*** Opening of INPUT MATERIAL ***

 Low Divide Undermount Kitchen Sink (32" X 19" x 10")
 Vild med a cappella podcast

*** Close of INPUT MATERIAL ***
*** Opening of INPUT MATERIAL ***

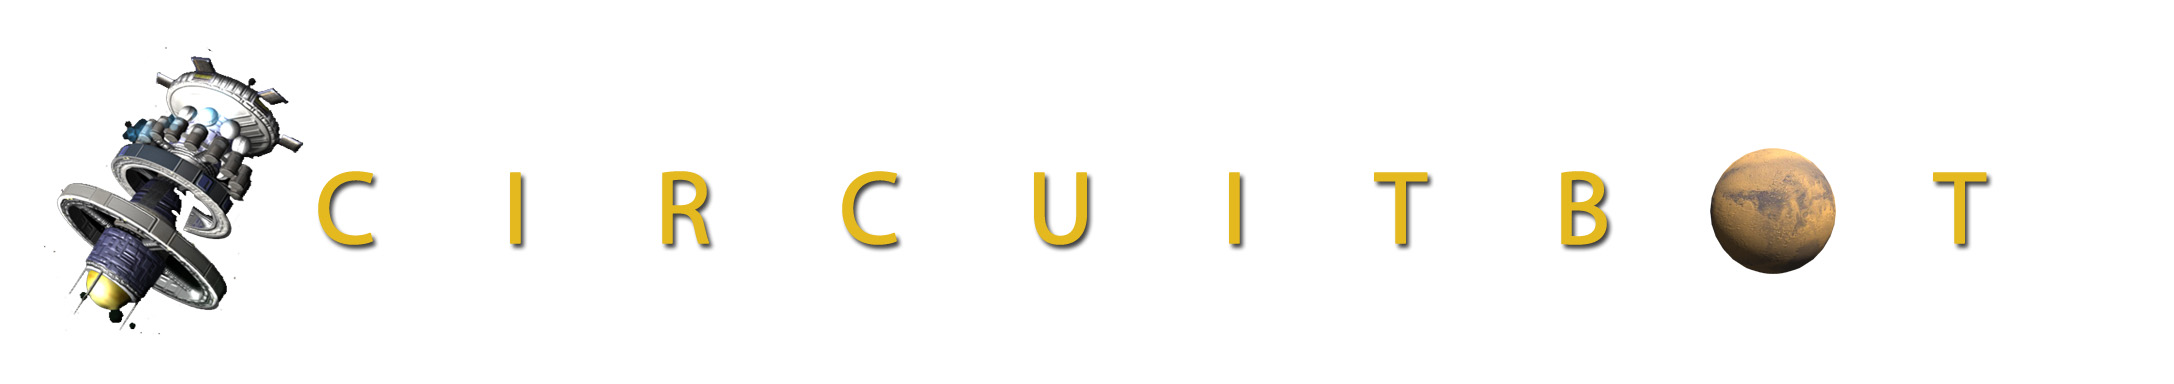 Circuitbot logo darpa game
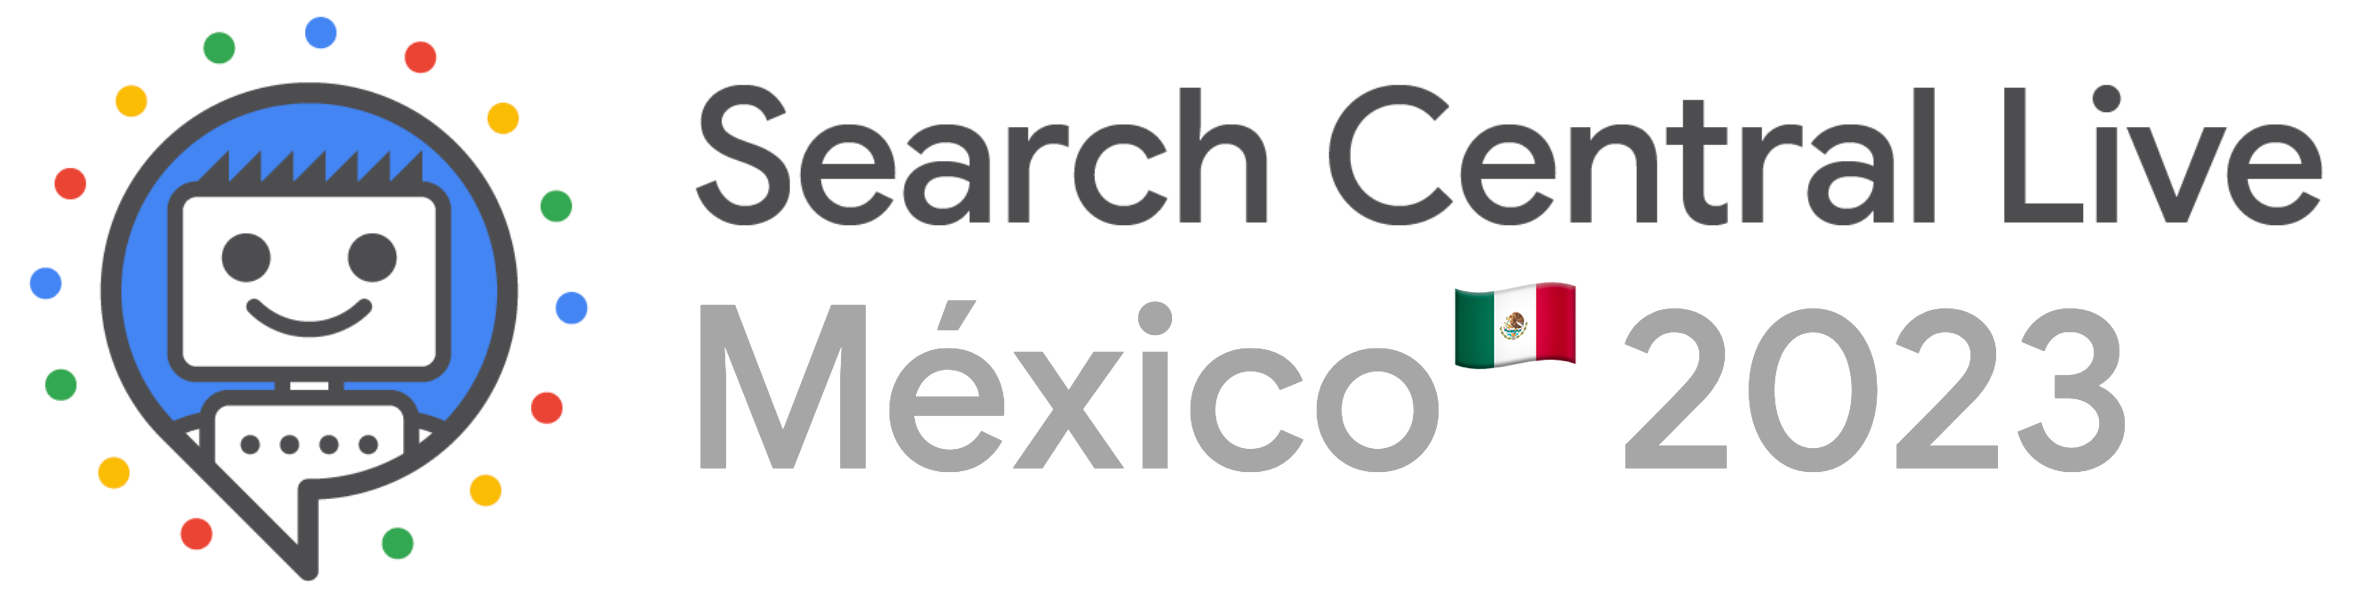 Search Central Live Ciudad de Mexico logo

*** Close of INPUT MATERIAL ***
*** Opening of INPUT MATERIAL ***

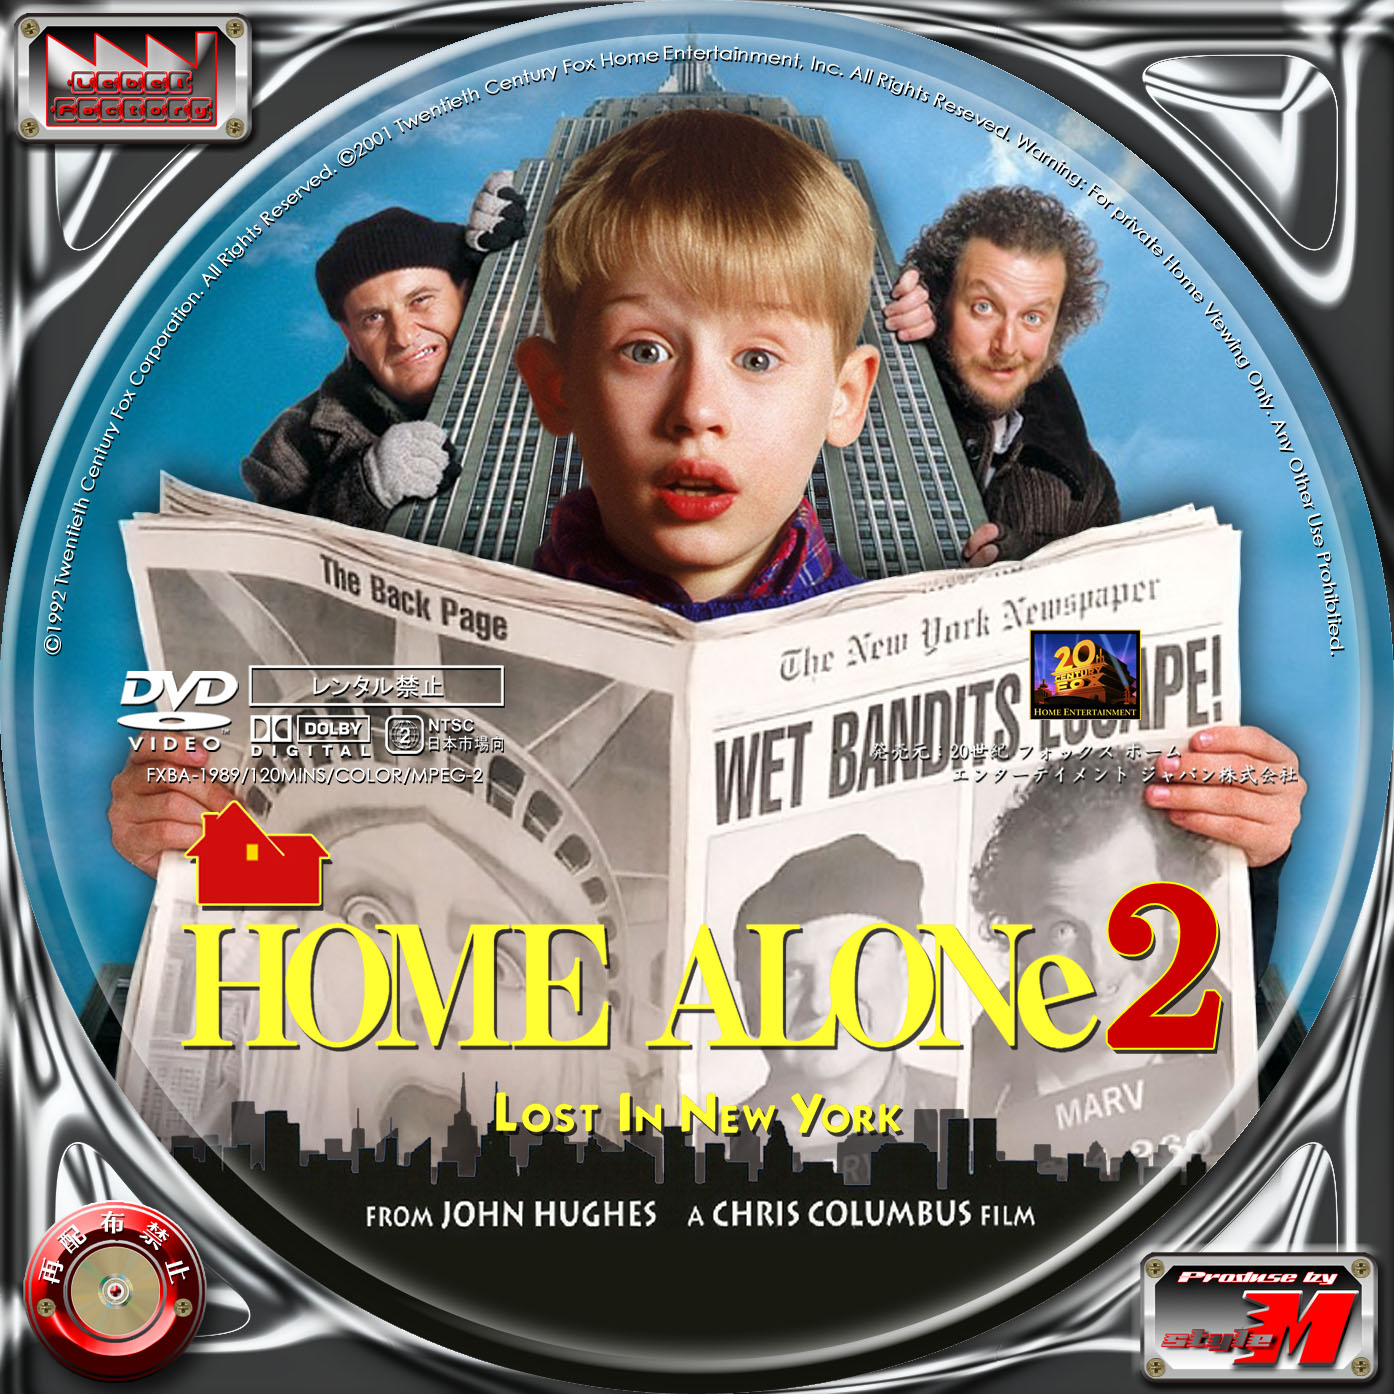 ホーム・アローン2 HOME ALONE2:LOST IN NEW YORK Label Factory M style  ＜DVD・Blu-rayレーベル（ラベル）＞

*** Close of INPUT MATERIAL ***

→ **WHAT TO WORK ON**
Range to copy from the records above: the line containing "Circuitbot logo darpa game" to the line containing "Search Central Live Ciudad de Mexico logo", both included. Output those lines exactly and only those, skipping pictures.

→ **EXERCISE RESPONSE**
 Circuitbot logo darpa game
 Search Central Live Ciudad de Mexico logo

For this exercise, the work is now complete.